No Brazil Rebound in Sight Even as Temer Tackles Budget Gap

  • Higher industry, consumer confidence have yet to spur growth
  • From services to agriculture and investment, all sectors fell

When Michel Temer took the reins of Brazil in May, markets rallied on expectations he would pull the nation from its worst two-year recession on record. Six months later, they’re still waiting.

His administration made its biggest advance yet in fixing the country’s battered public coffers by pushing a spending cap bill through the Senate in a first vote on Tuesday night.

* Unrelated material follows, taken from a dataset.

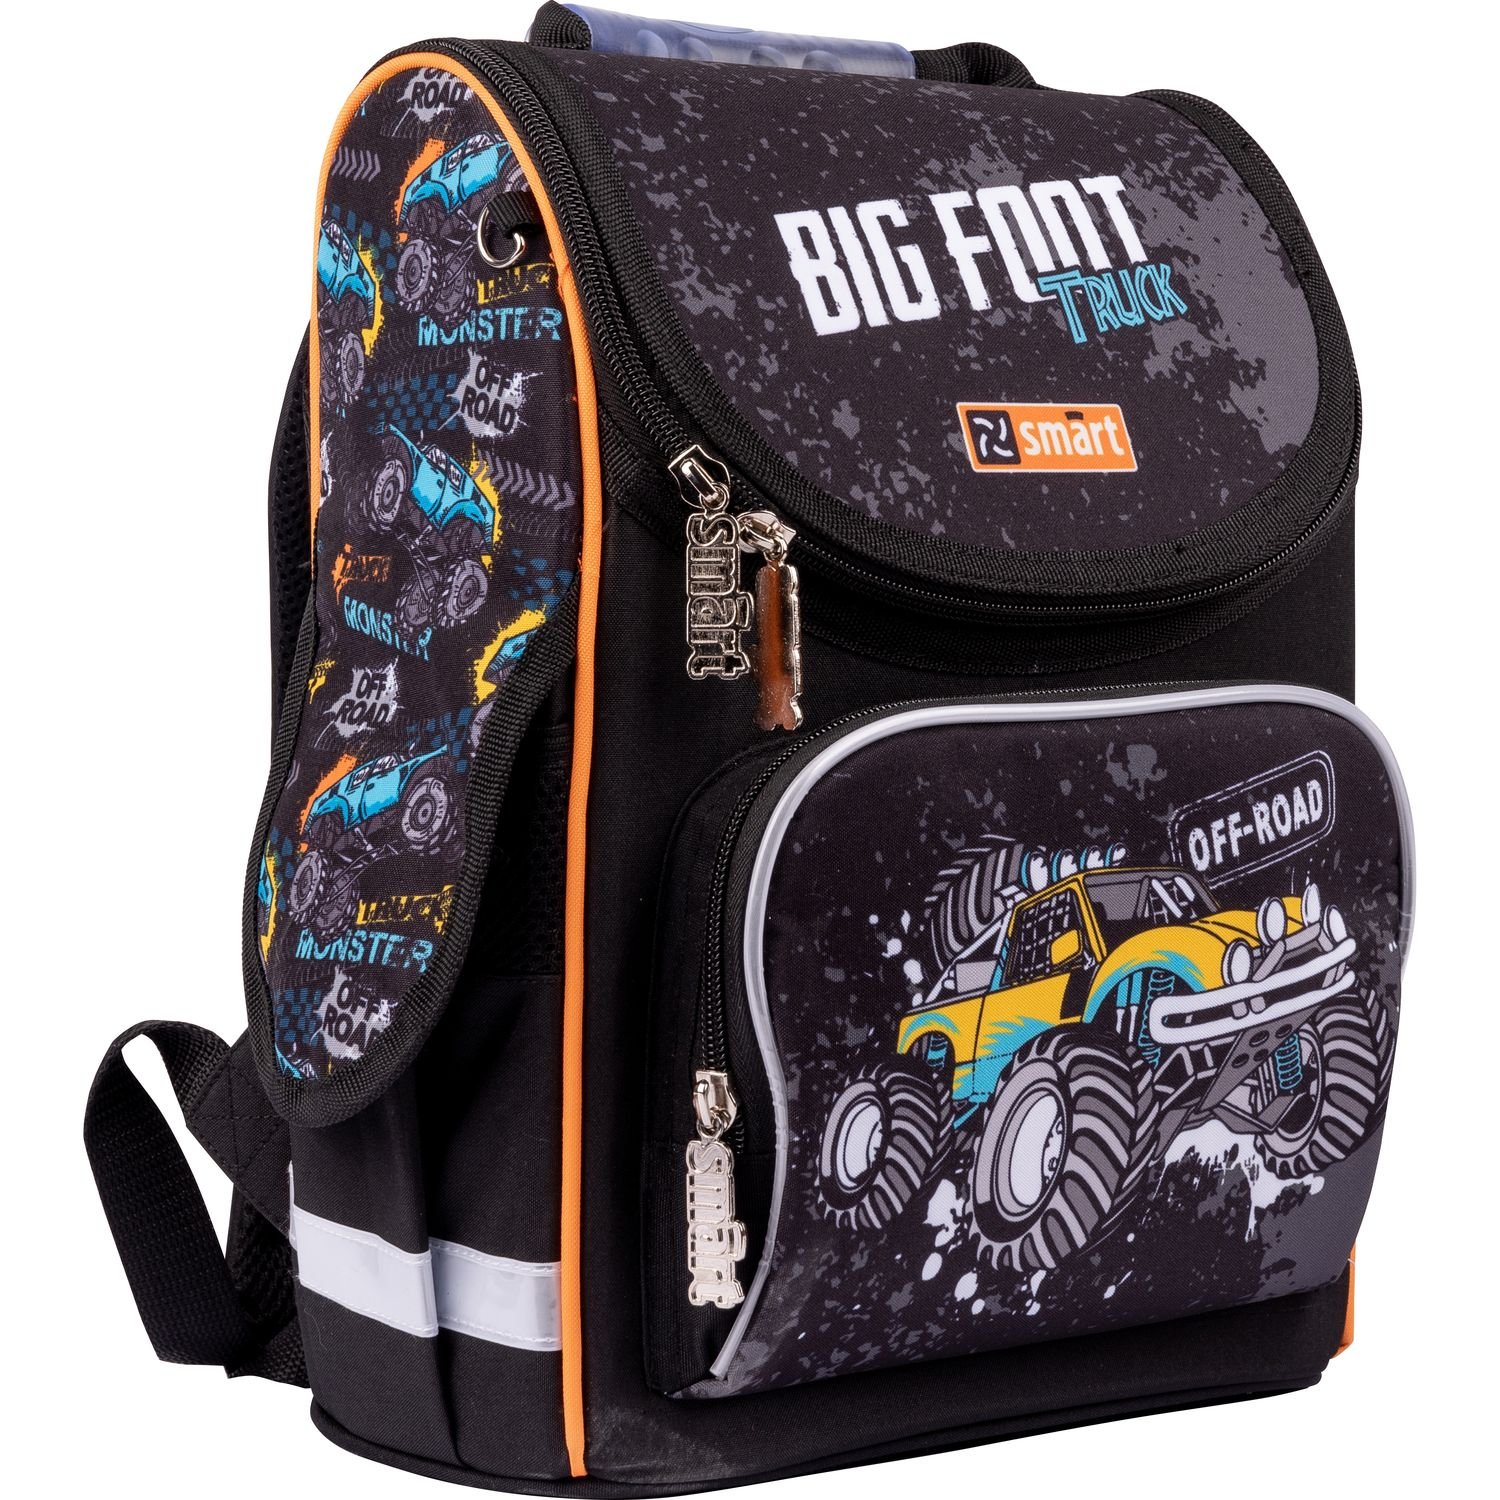 Рюкзак шкільний каркасний Smart PG-11 Big Foot, черный (559009) - фото 2
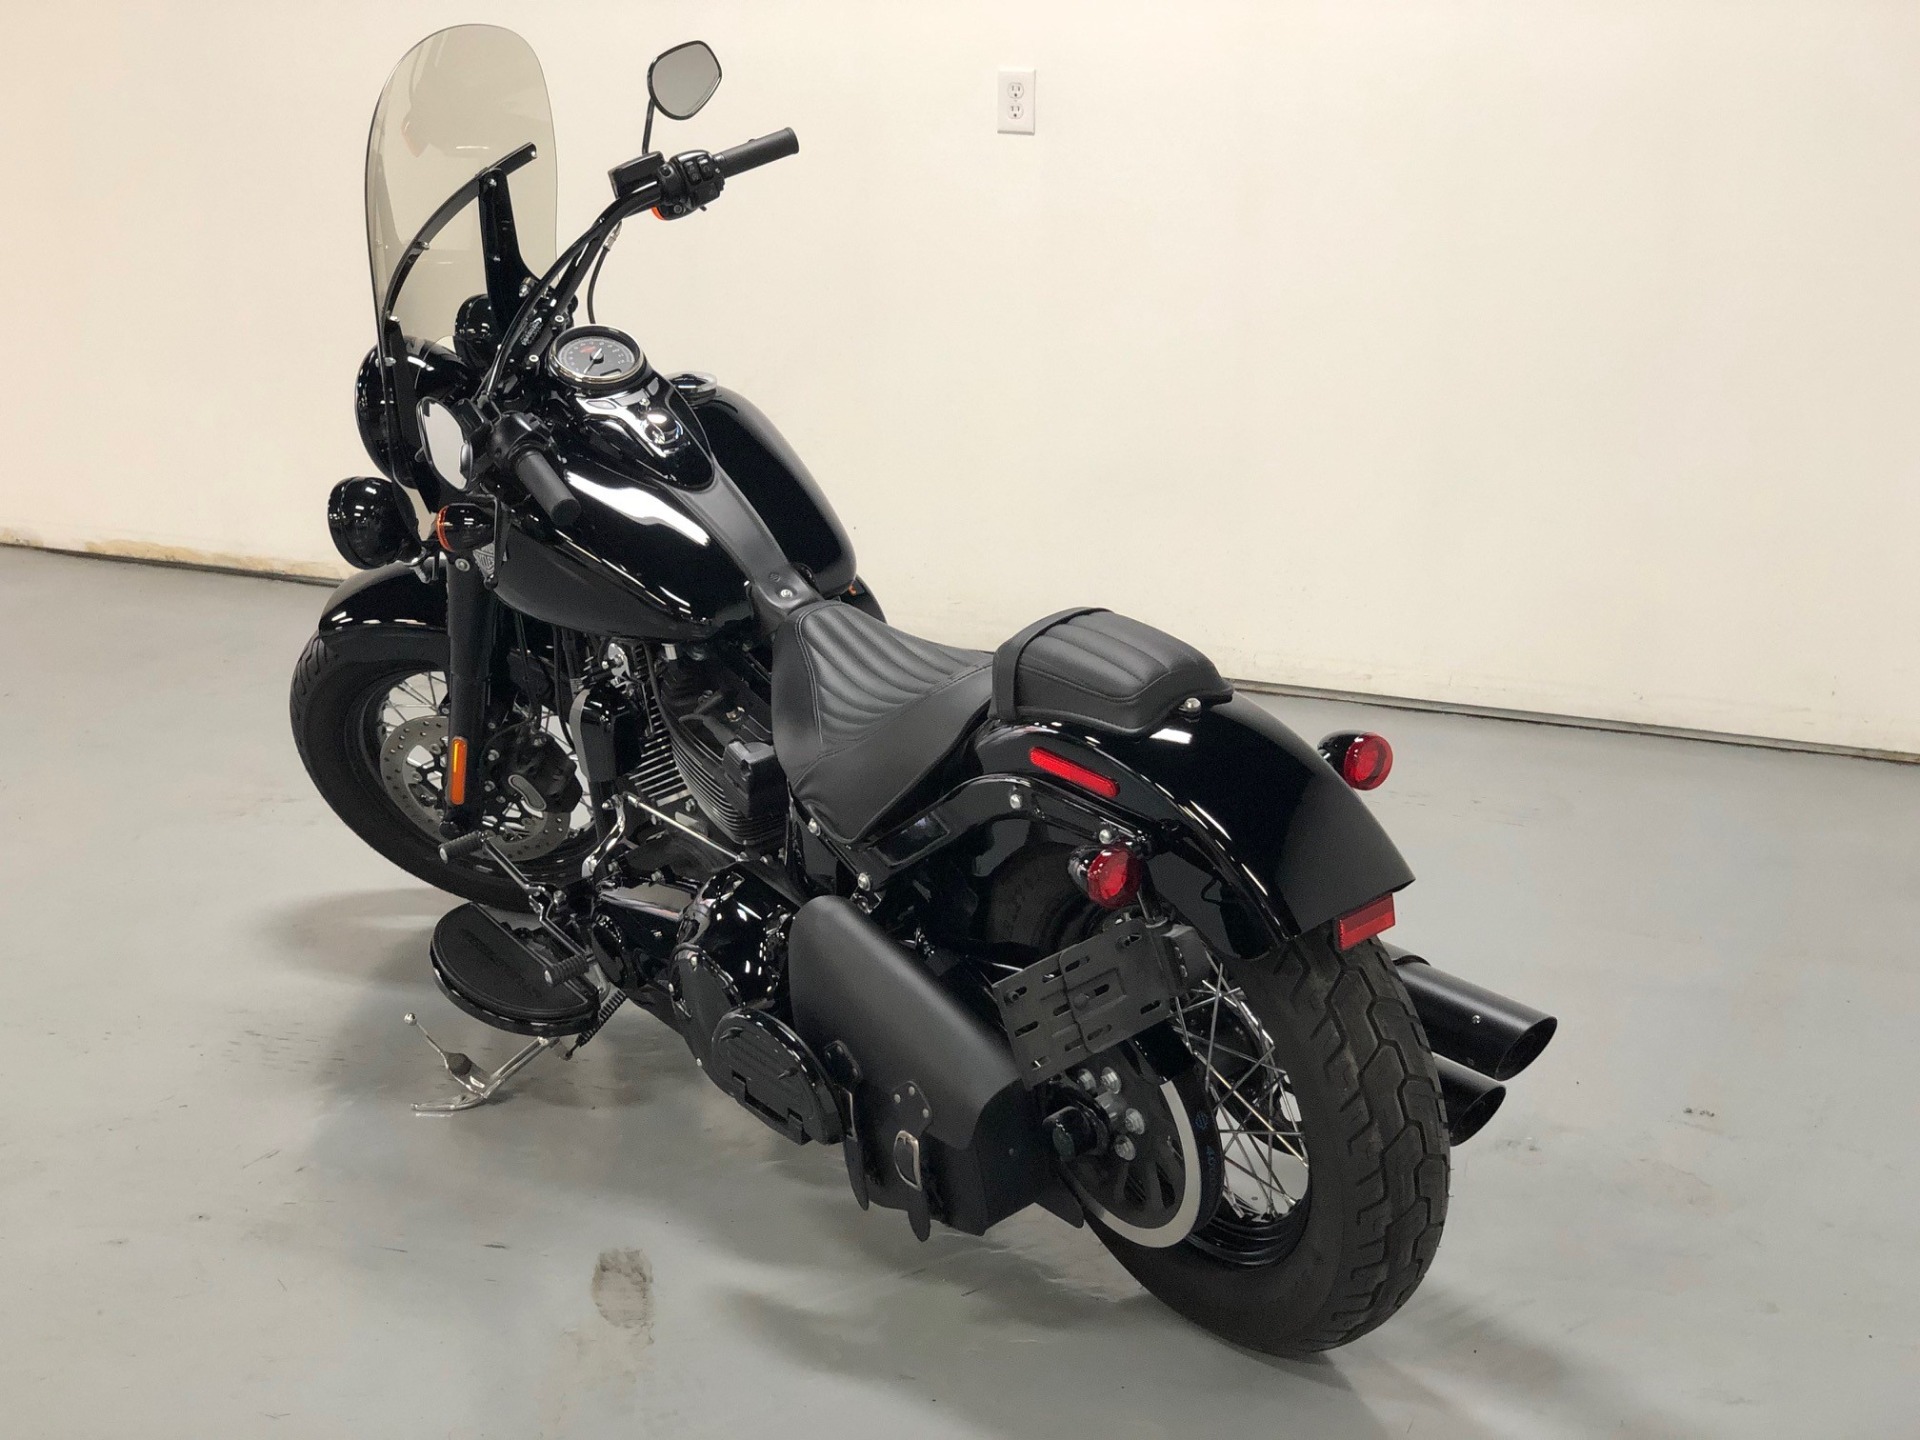 Used 2016 Black Harley Davidson Softail Slim S Flss For Sale Sold Prime Motorz Stock 2667

Yet GDP data published on Wednesday show not only a seventh straight quarter of contraction but also no sign that a recovery is near.

After two years of political uncertainty during which Temer’s predecessor was impeached and a massive corruption probe put dozens of executives and politicians behind bars, many consumers and investors are still licking their wounds, preferring to deleverage rather than take on new debt.

“This is a balance sheet recession,” said Carlos Kawall, chief economist at Banco Safra in Sao Paulo. “People saw confidence recovering and inventories falling, and that perhaps leading to some pickup in production. That was the wrong view.”

At the height of Brazil’s expansion in 2010, global demand for commodities continued to fuel exports such as iron ore and soy, while cheap credit drove an emerging middle class to buy cars, houses and fridges en masse.

Today, double-digit interest rates, a gaping budget deficit and household indebtedness are impairing investors, the government and consumers from helping fuel growth.

“The diagnosis today is that getting out of this recessionary cycle will be slower, more gradual, and more tragic,” Carlos Langoni, a former central bank chief, said at an event on Nov. 23.

From services to household consumption and even Brazil’s competitive agriculture, all sectors of the economy fell in the third quarter. Investment dropped 3.1 percent and is now down 13.5 percent over the past year, according to data published by the national statistics institute on Wednesday.

The prospect of sharper U.S. rate increases following the election of Donald Trump in the U.S. led traders to pare bets the central bank will accelerate the pace of easing monetary policy at its rate decision on Wednesday. Falling swap rates on Wednesday didn’t change bets that the central bank will cut the base Selic rate by only 25 basis points after markets close.

All that adds up to a weak recovery next year. Analysts in a weekly central bank survey have reduced their outlook for six straight weeks to under 1 percent. The Organization for Economic Cooperation and Development this week forecast stagnation in 2017.

The recovery, which the government had initially forecast for the end of this year, may not happen until the second half of 2017, according to Langoni. Gilberto Peralta, the CEO of General Electric in Brazil, agrees. “It will take some time. The wreckage to the economy was very large,” Peralta said.

Waiting longer for growth after a contraction of 3.85 percent last year and an expected 3.5 percent this year, is certain to prolong discontent among many voters struggling to make ends meet in the face of record-high unemployment and falling real wages. Austerity measures have prompted protests in Rio de Janeiro and elsewhere as many civil servants won’t be receiving their customary year-end bonus.

“If you don’t see the economy showing signs of stabilization and starting to recover relatively soon, it opens the floor to criticism by the opposition and society,” Alberto Ramos, chief Latin America economist for Goldman Sachs Group Inc., said by phone.